---- Information shown

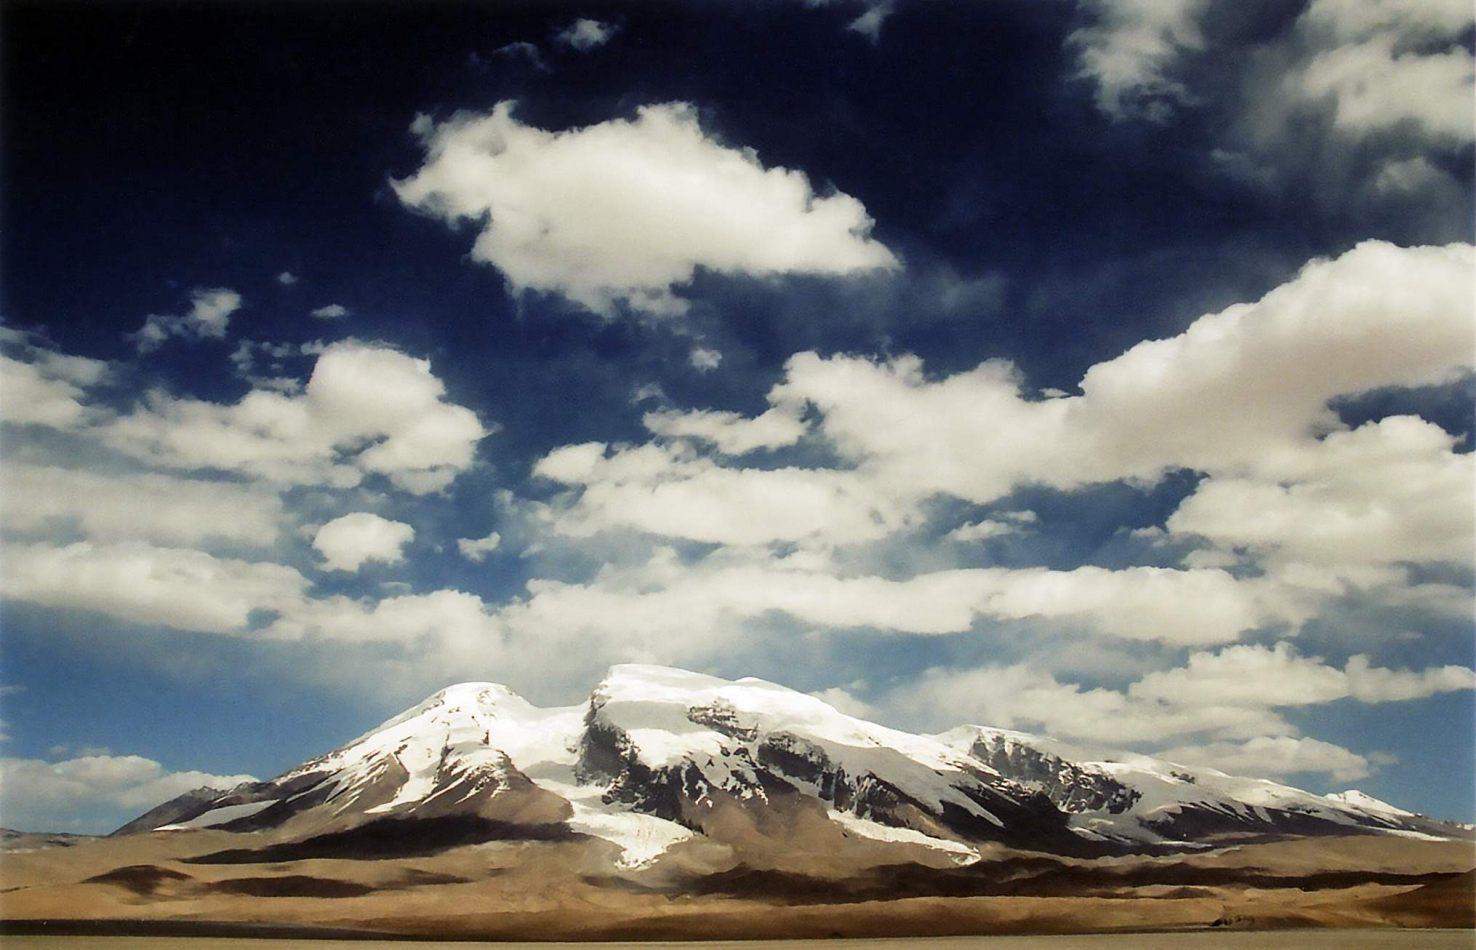 Anthony Ellis Photography: Tall Walls - Muztagh Ata
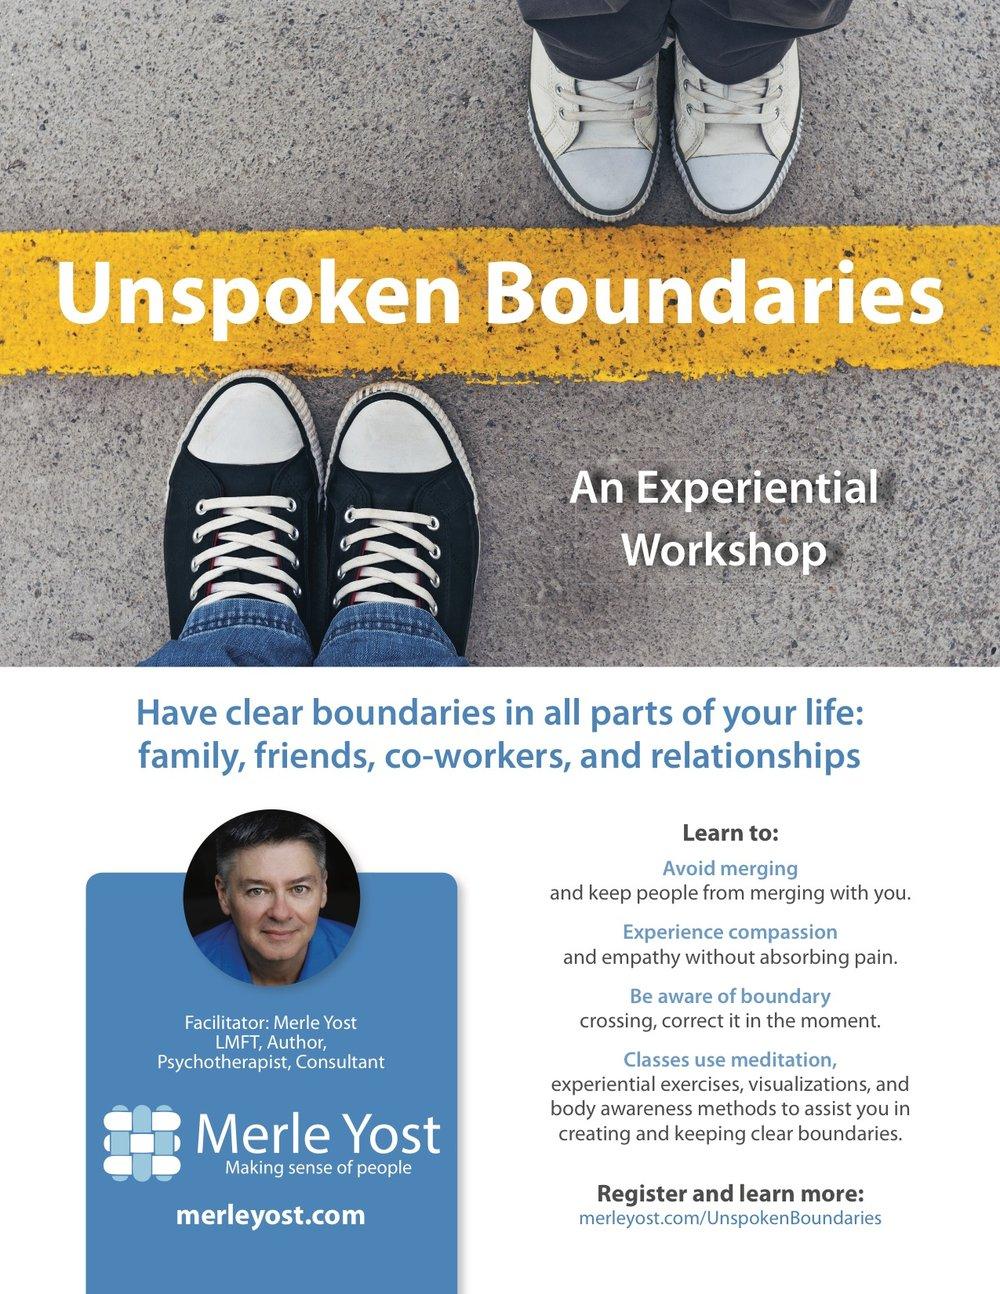 Unspoken-Boundaries.jpg
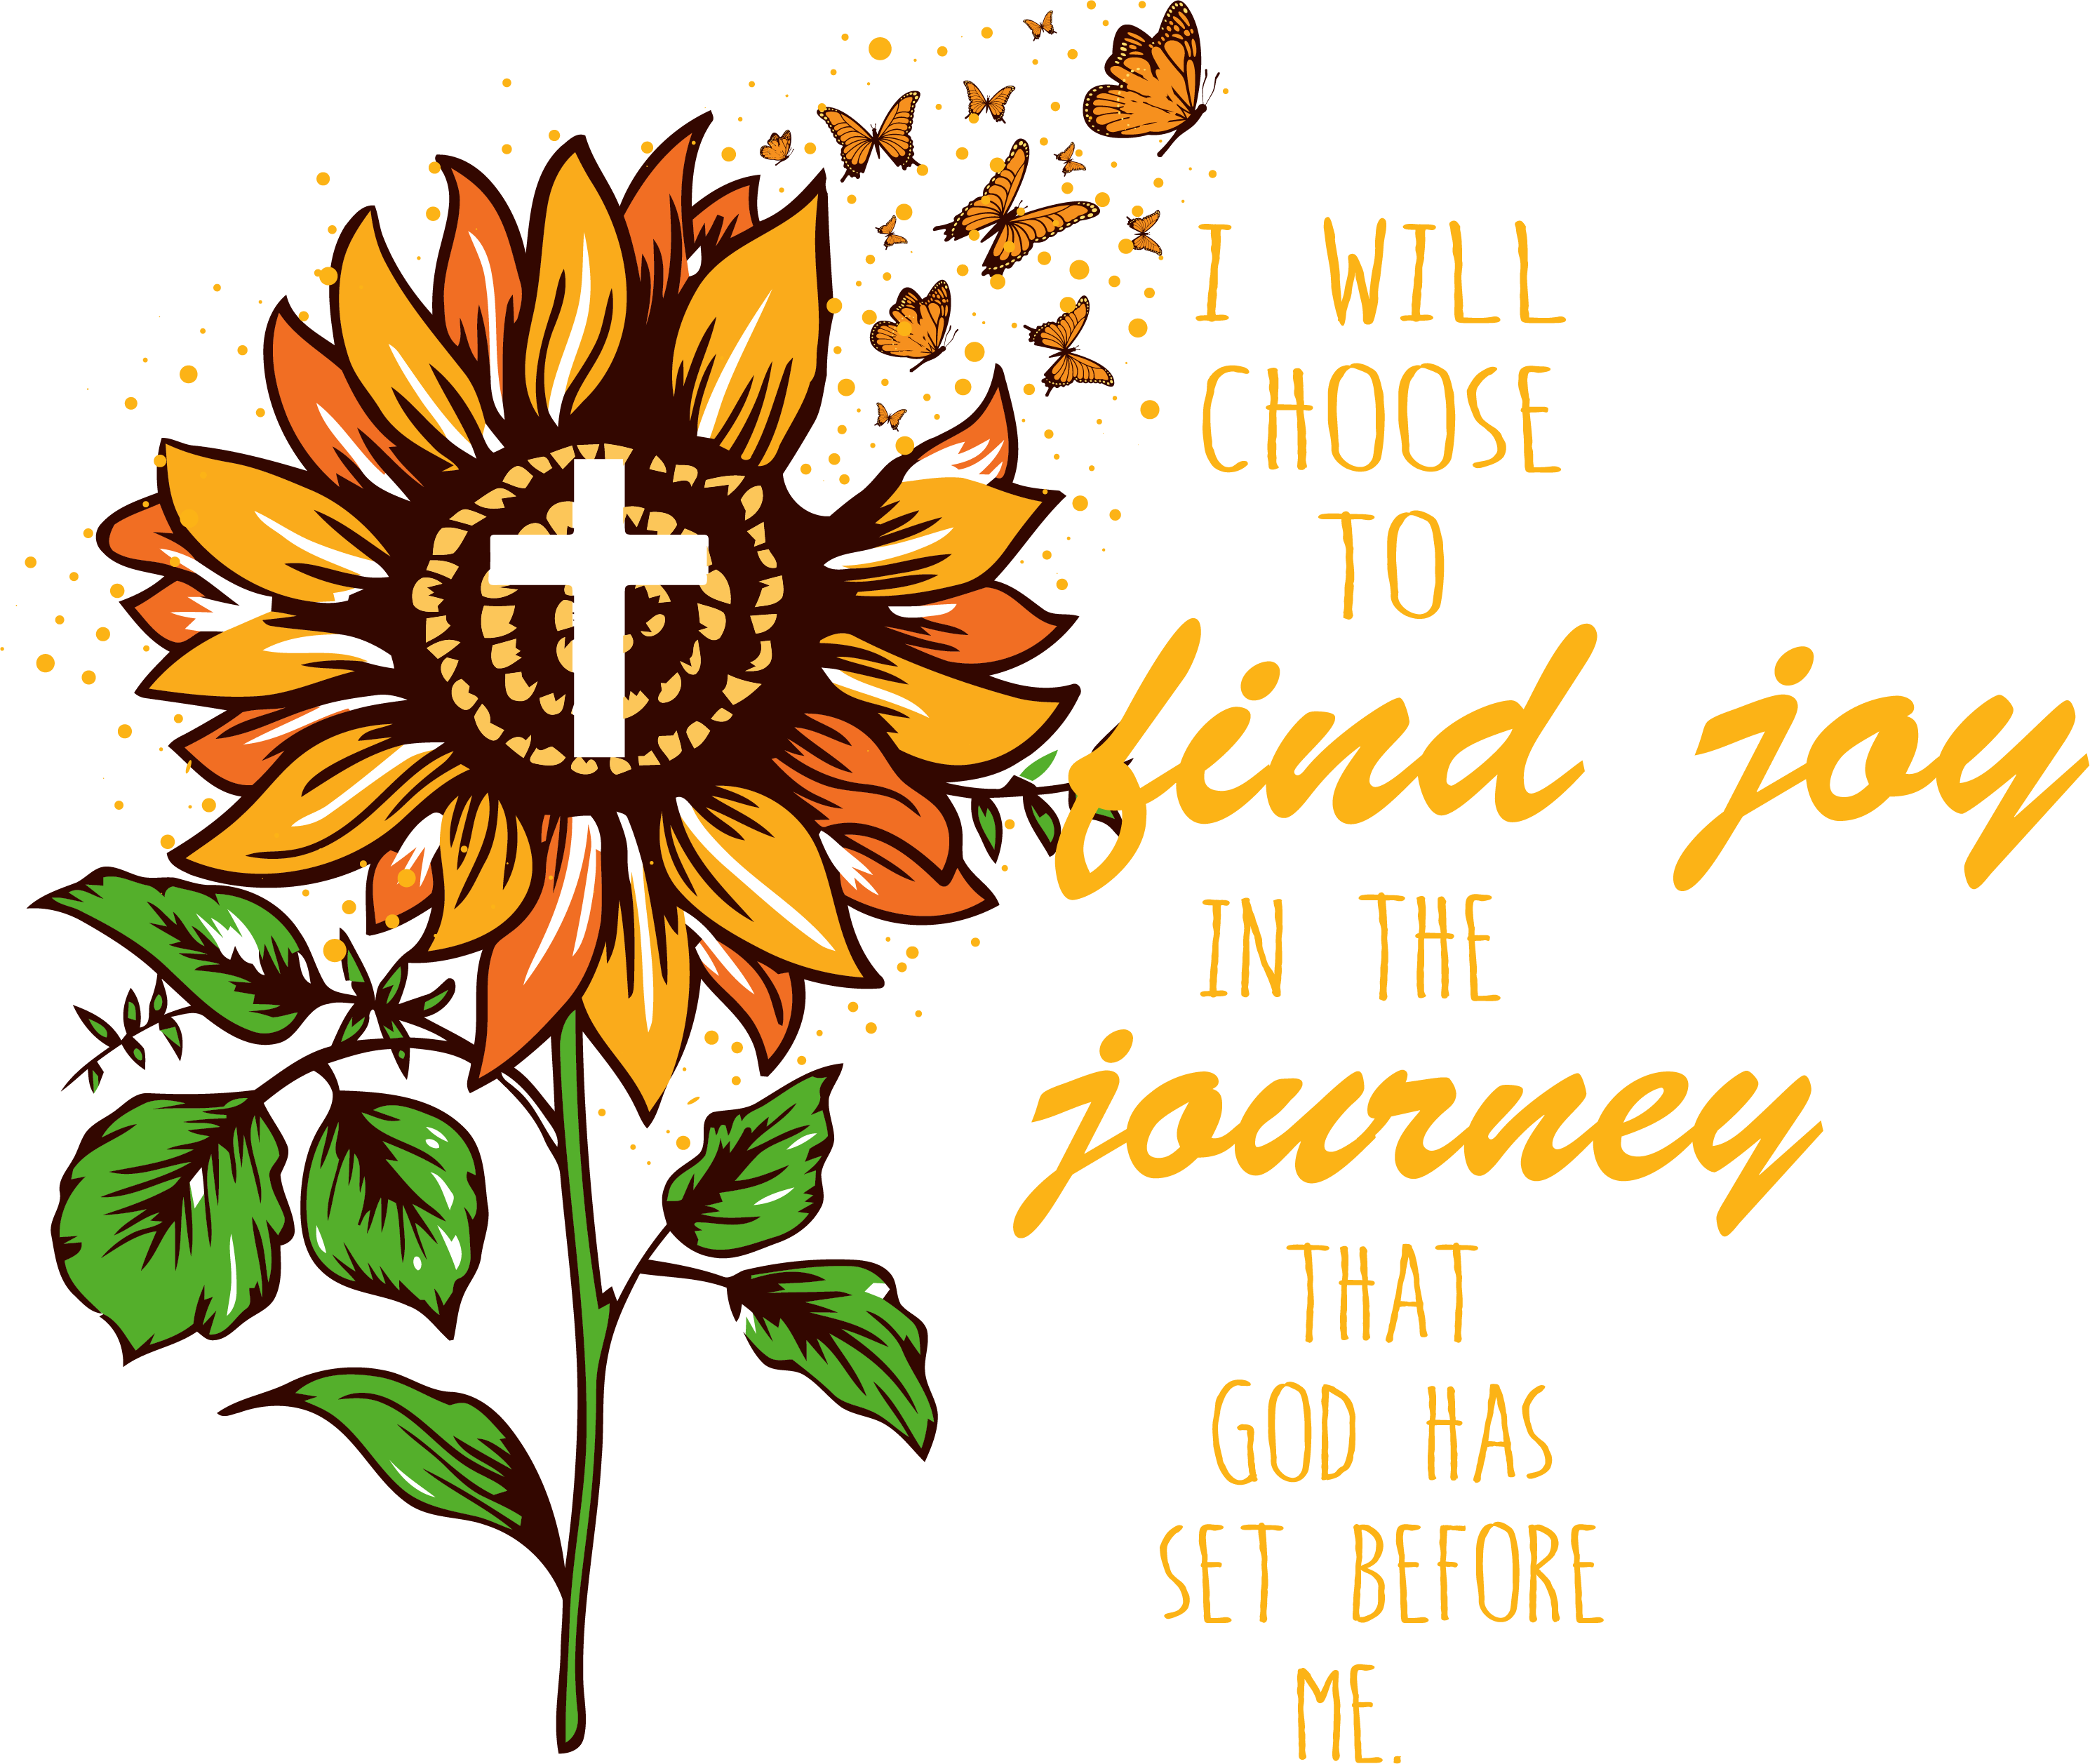 I will choose to find joy, sunflower svg, faith hope love.

--------

* **Exercise directions**
Retype the full listing above precisely. Exclude each picture you find in it.

* **Expected answer**
 Anthony Ellis Photography: Tall Walls - Muztagh Ata
 Unspoken-Boundaries.jpg
 I will choose to find joy, sunflower svg, faith hope love.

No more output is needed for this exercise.